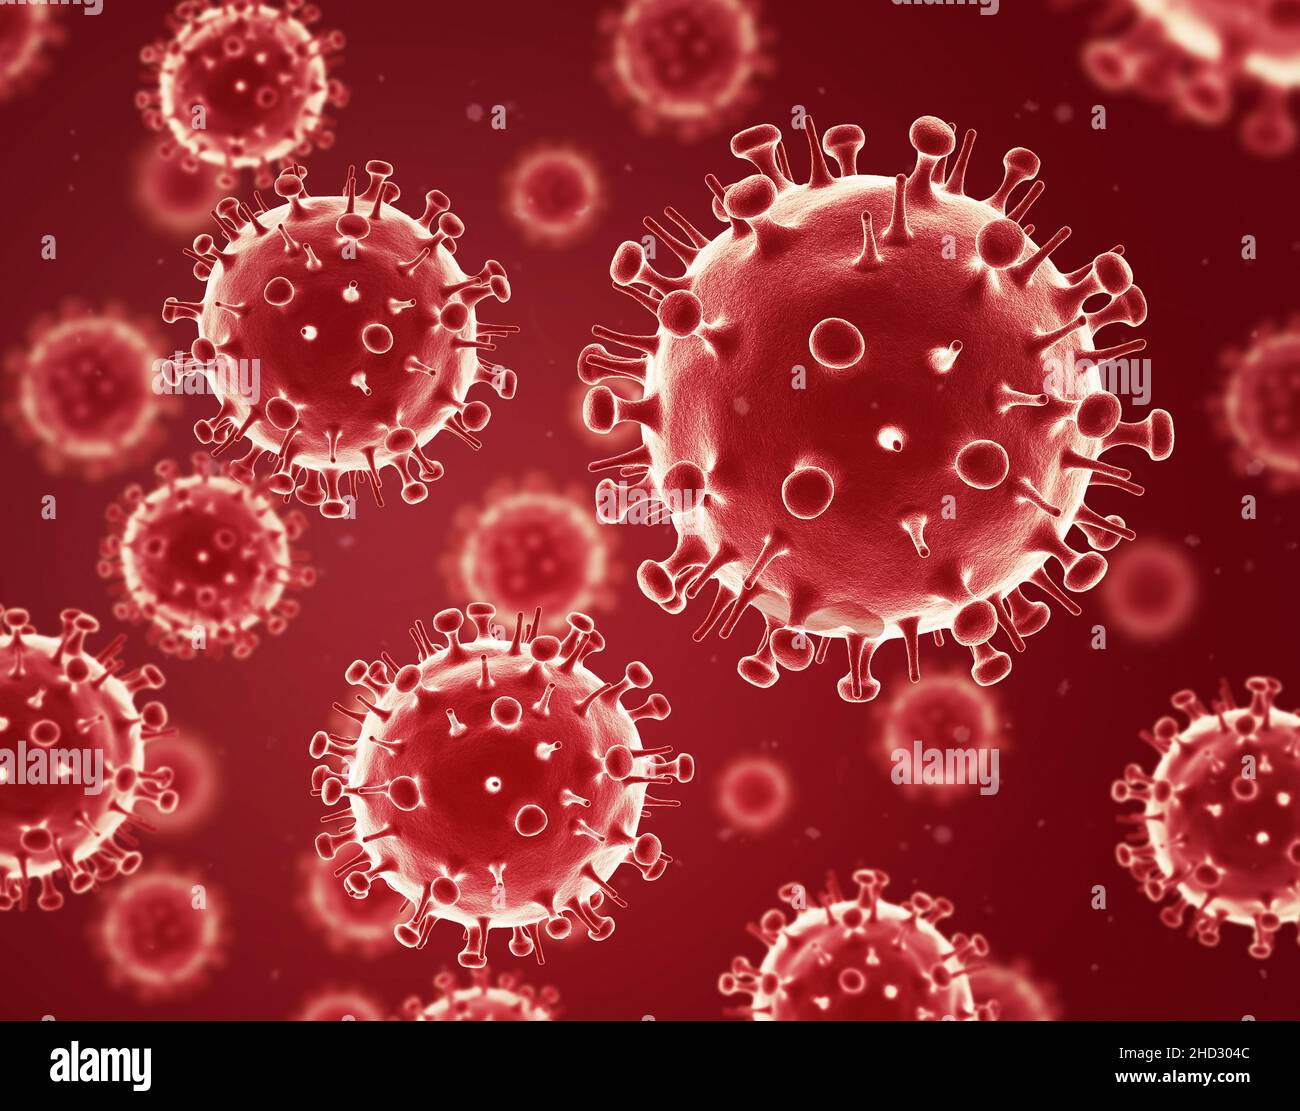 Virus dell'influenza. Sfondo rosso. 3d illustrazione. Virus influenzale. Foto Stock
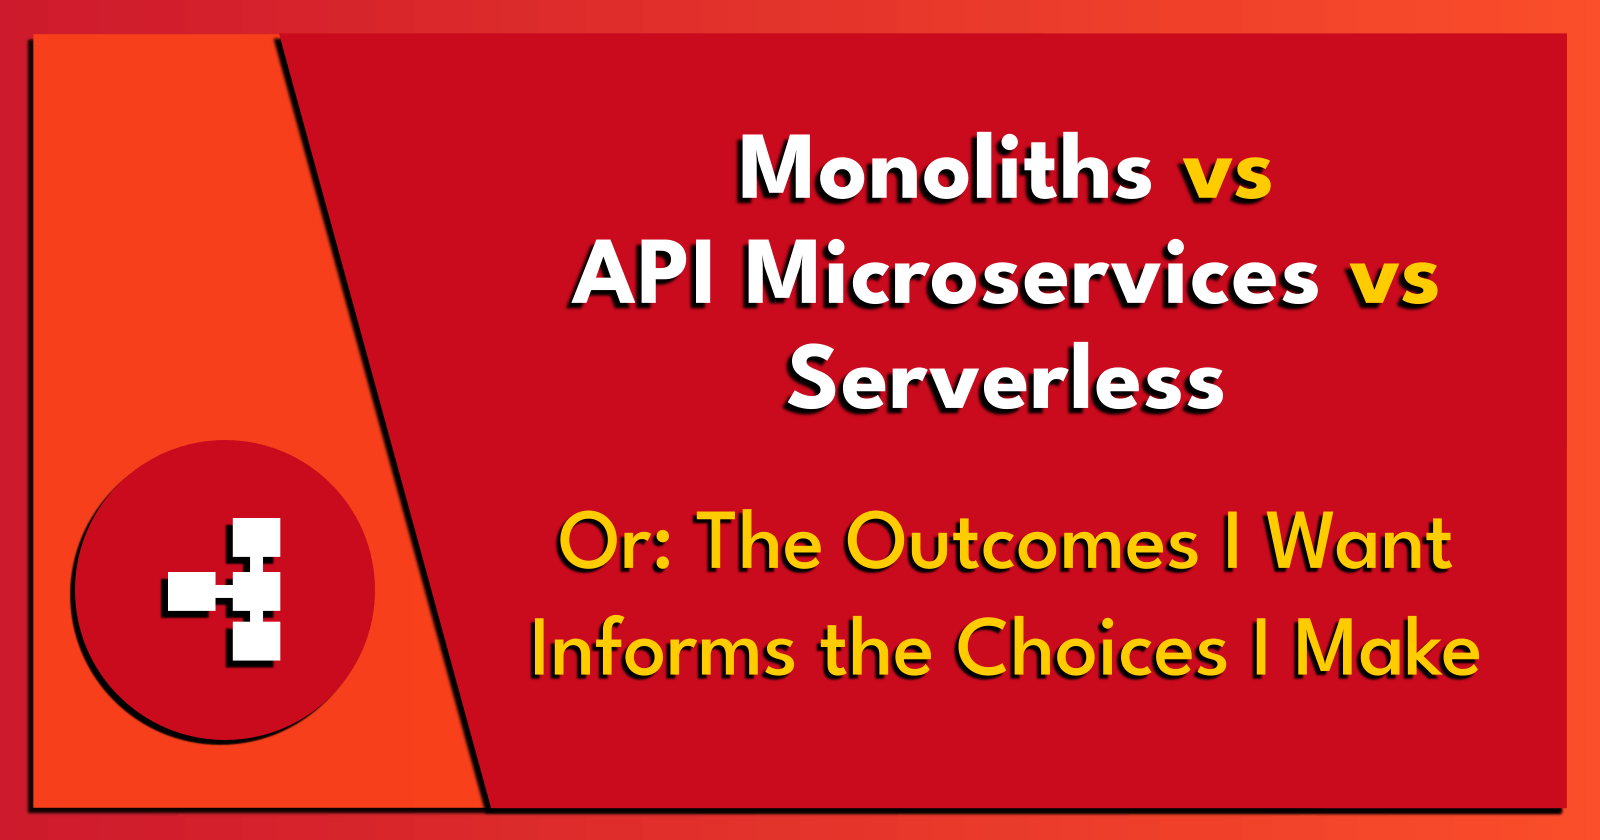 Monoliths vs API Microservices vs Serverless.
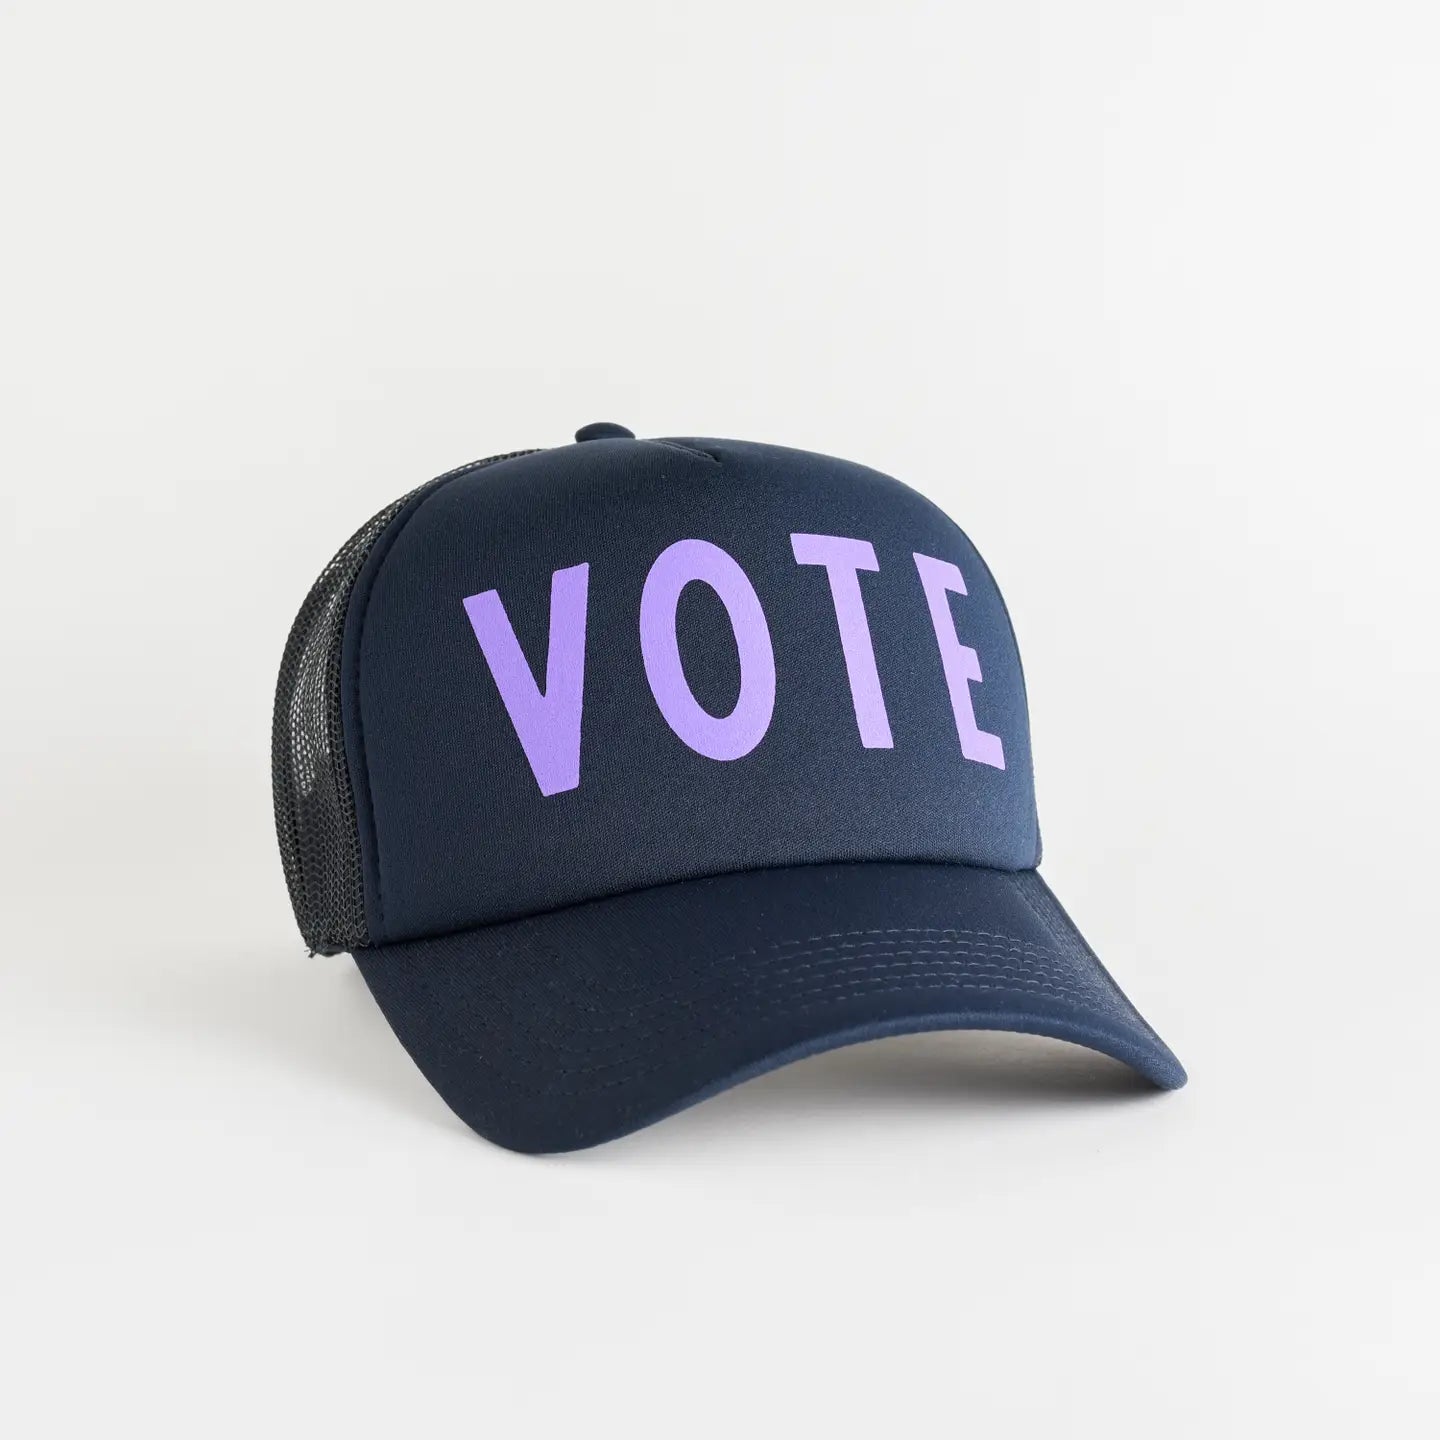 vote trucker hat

_ _ _ _ _

• Exercise: Could you print the listing above exactly, without the pictures?

• Output for this task:
 Virus dell'influenza. Sfondo rosso. 3d illustrazione. Virus influenzale. Foto Stock
 Monoliths vs API Microservices vs Serverless.
 vote trucker hat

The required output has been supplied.